AJ, I like your reasoning. I've been instilling it in my wife's brain that I can now brew 5 gallons for around $10-15 since I'm washing yeast now, too, but for me, it's always a tough justification. I still have several hundred bucks in equipment, and want to spend several hundred more! I just bought my all-grain setup for $500 from a guy on CL a couple months ago, so I feel like that's still too close to the top of the registry If I do buy one, I'll be sure to let you know what I think of it.

Martin, Good to know. Sounds like you know a lot about pH meters. I'm just getting started here, so I really appreciate the look into them. What seems important to me is 1) replacable probes (surprised at how many low ends don't...) 2) Accuracy at least .02 and 3) some good reviews/recommendations. If I do end up buying one, I'll definitely give you guys some honest feedback on it.
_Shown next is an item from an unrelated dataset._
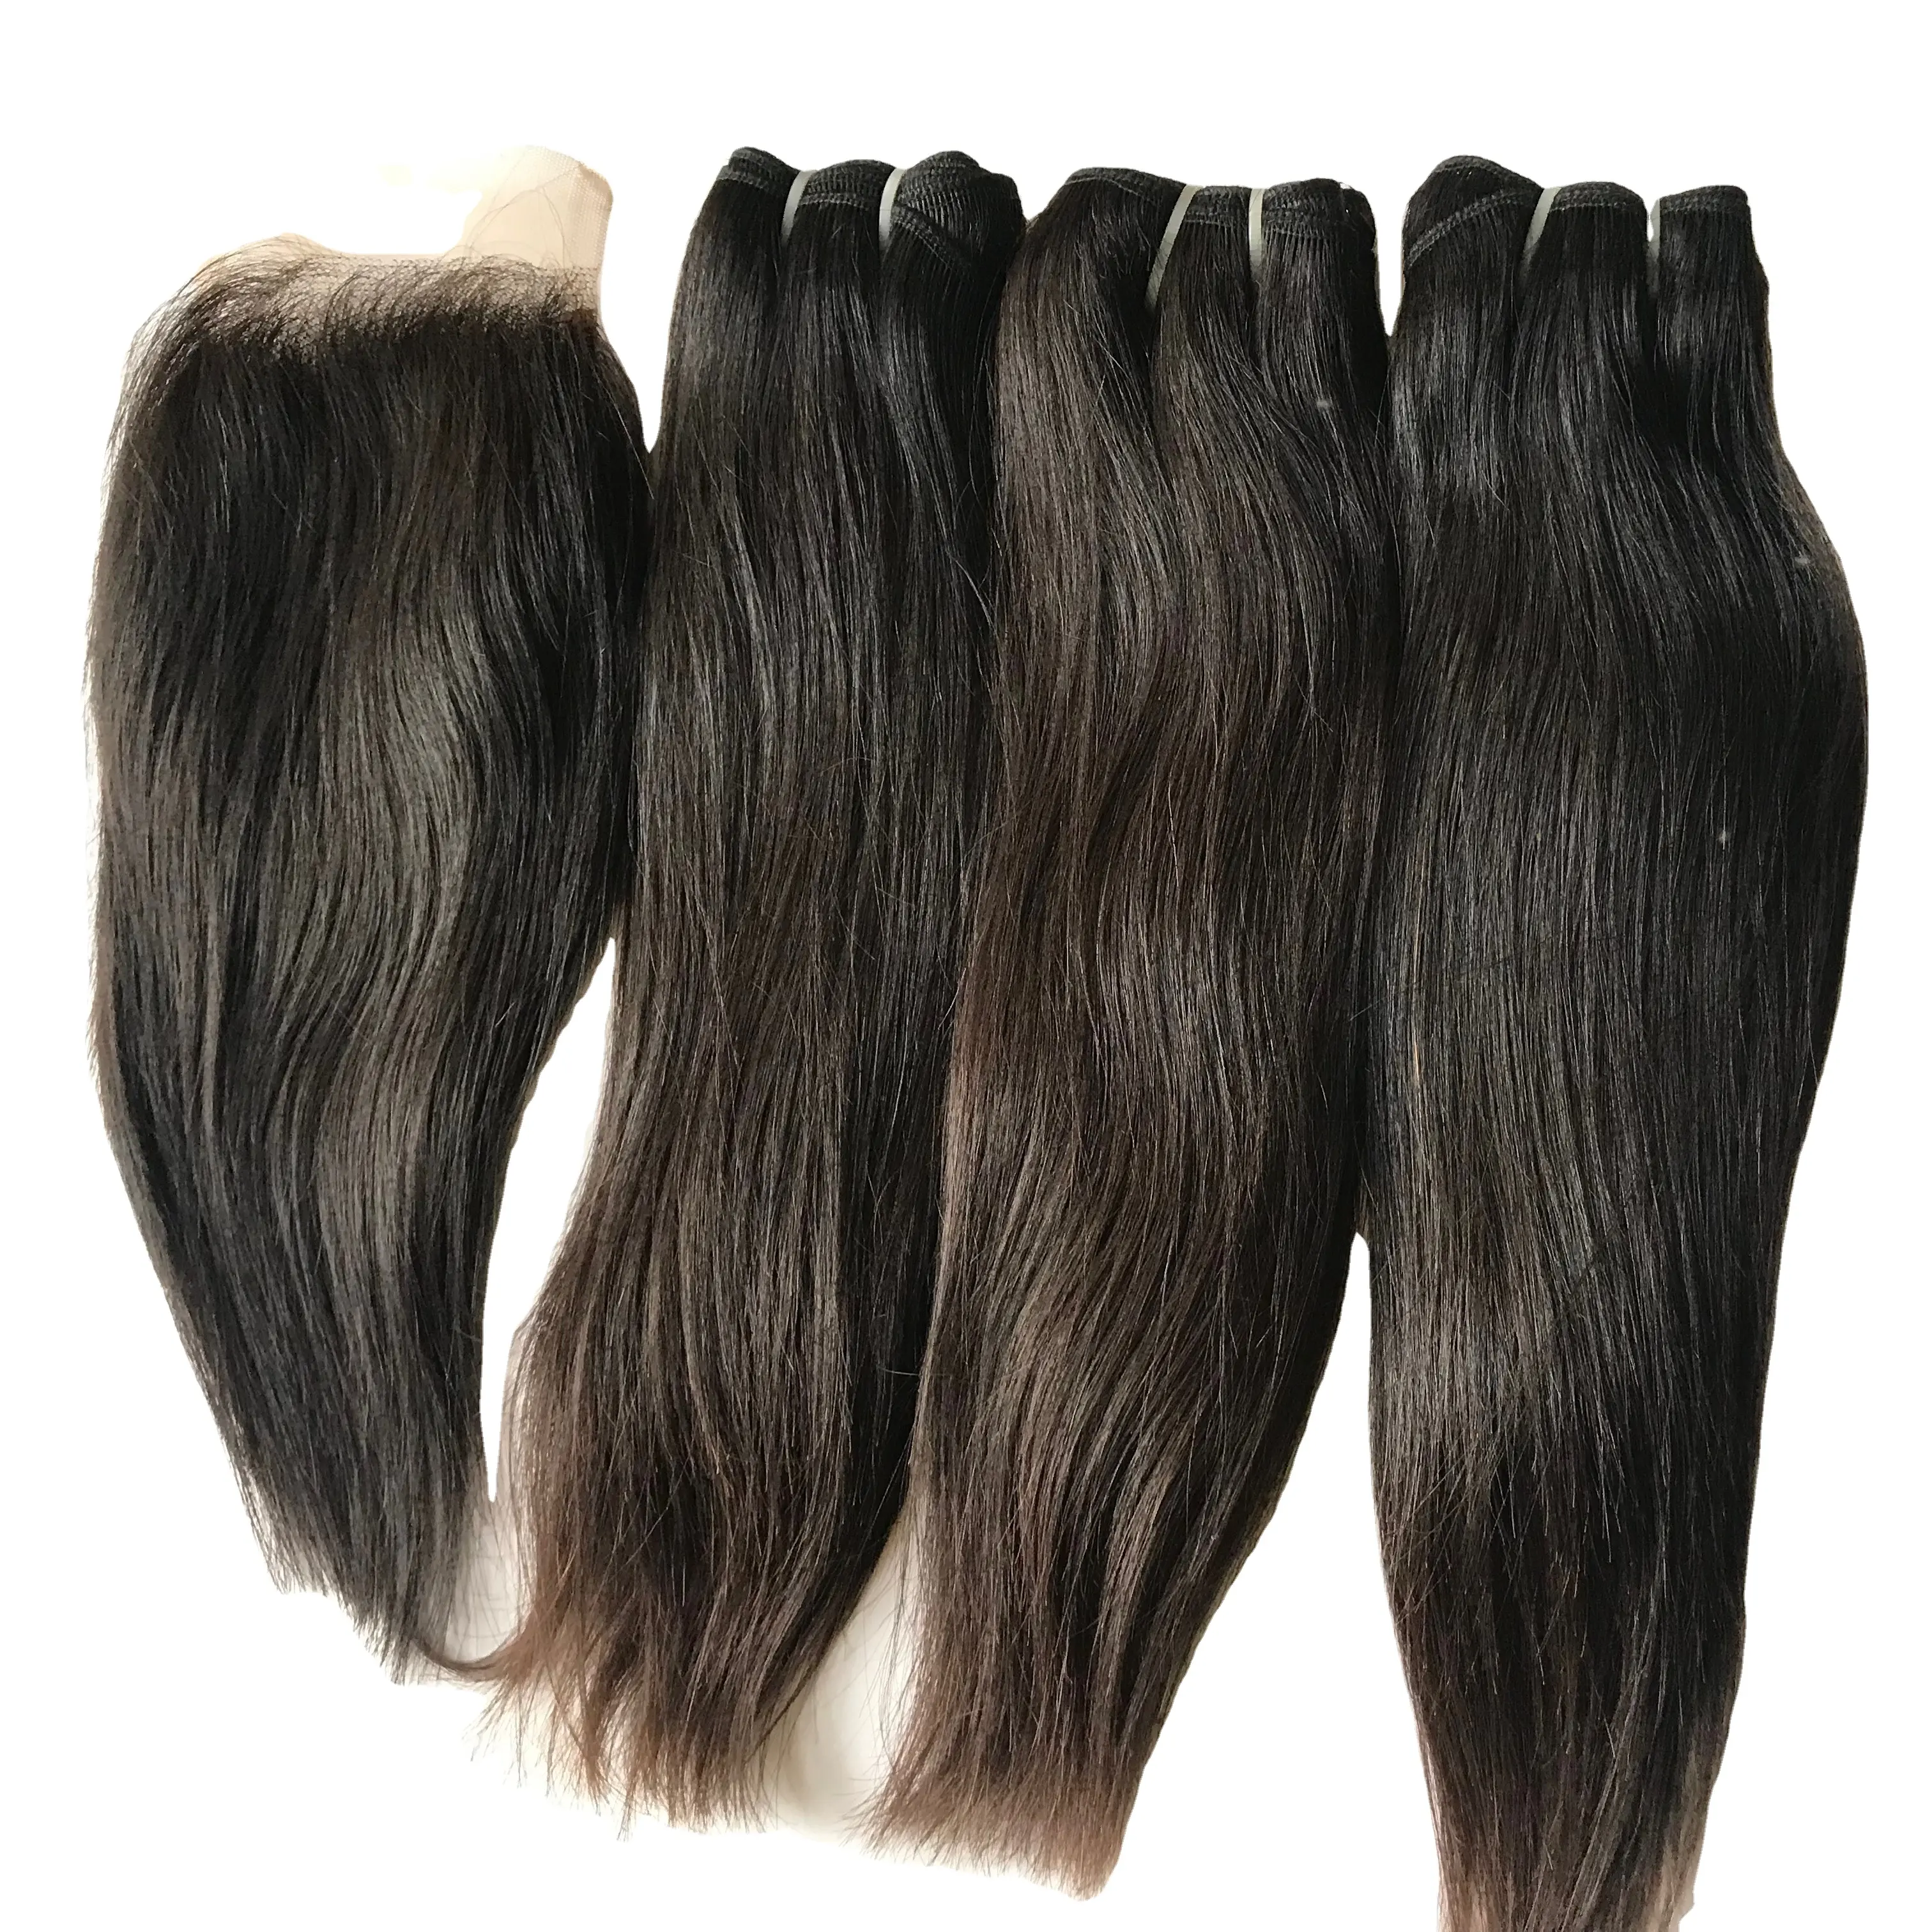 Distributeurs de tissage de cheveux d'excellence de qualité supérieure extensions de cheveux humains naturels de cheveux vierges remy bruts perruques d'Inde
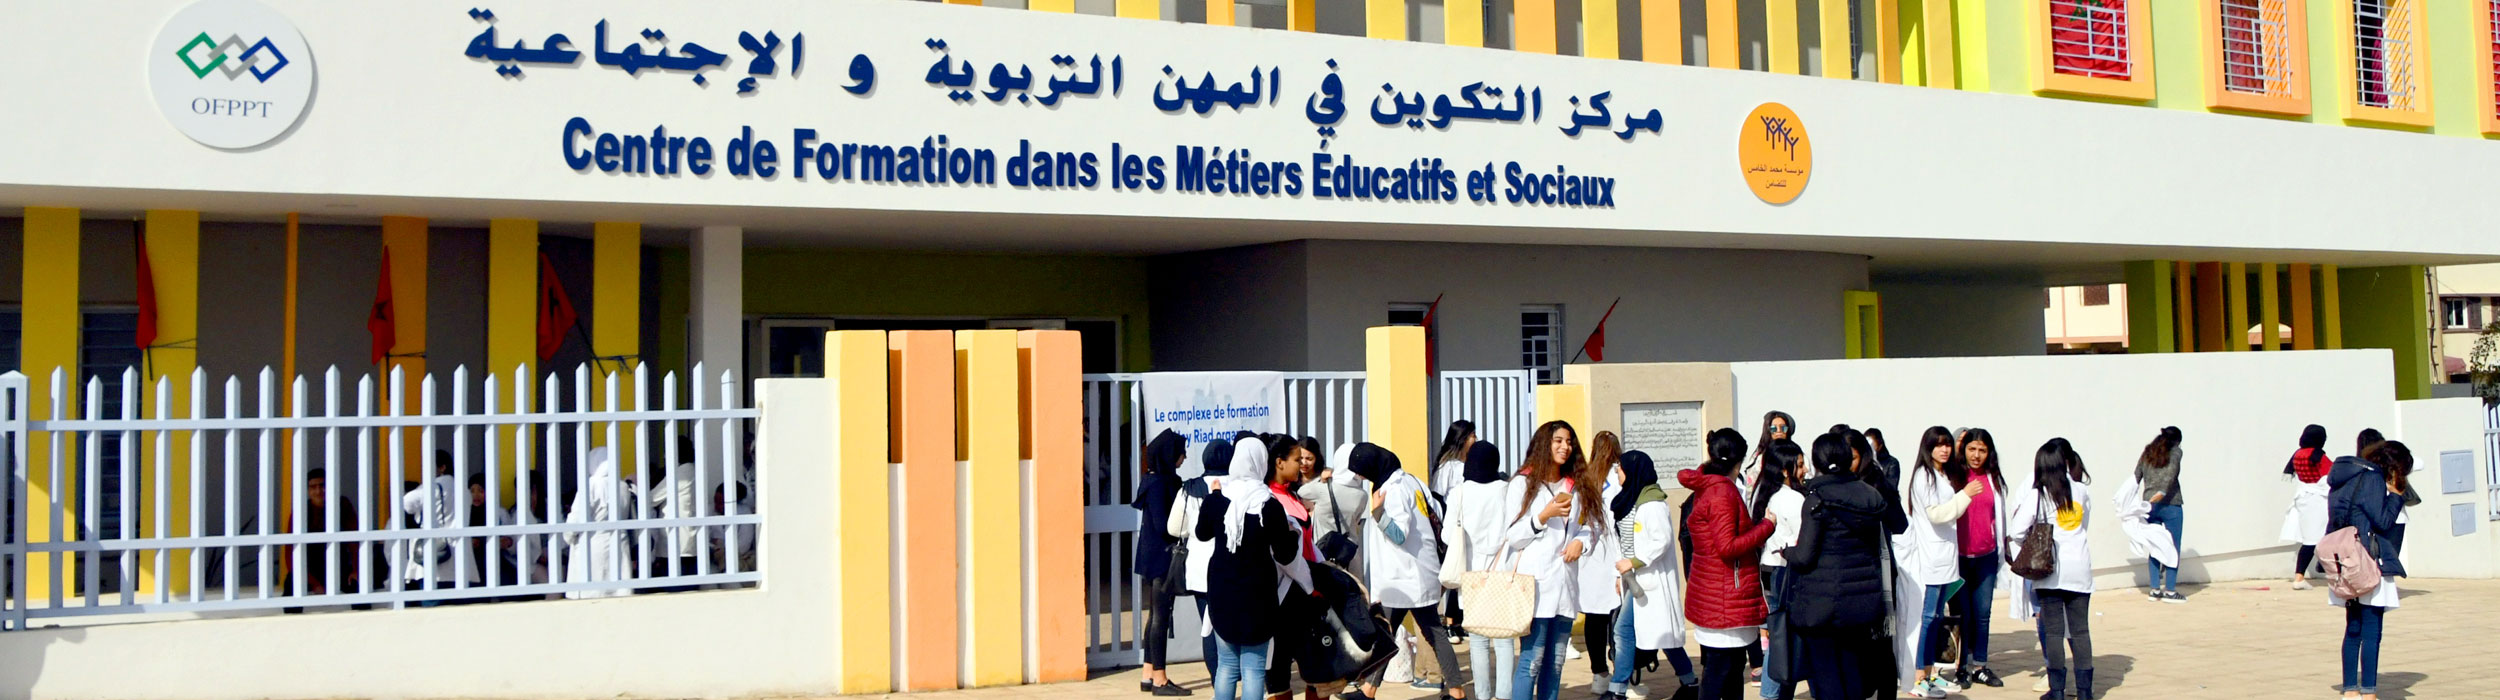 FM5 - Centre de Formation dans les Métiers Éducatifs et Sociaux Yaacoub Al Mansour - Rabat

Again, it's hard because it seems a good piece of equipment is a couple of hundred dollars. I was really hoping there was an 'industry standard' amongst homebrewers for pH meters (like the STC-1000 for temp control or March 809 for pumps). In homebrewing, there are so many other expenses. I could easily burn up $1000 bucks tomorrow, and not even think about pH meters. Between a kegging setup, fermentation control, brewpot accessories, electrical components, pumps, HERMS, etc, I have a hard time prioritizing one piece of equipment that gives me one data point. Obvously I'd like one eventually, but as it grows more expensive, it moves down my list.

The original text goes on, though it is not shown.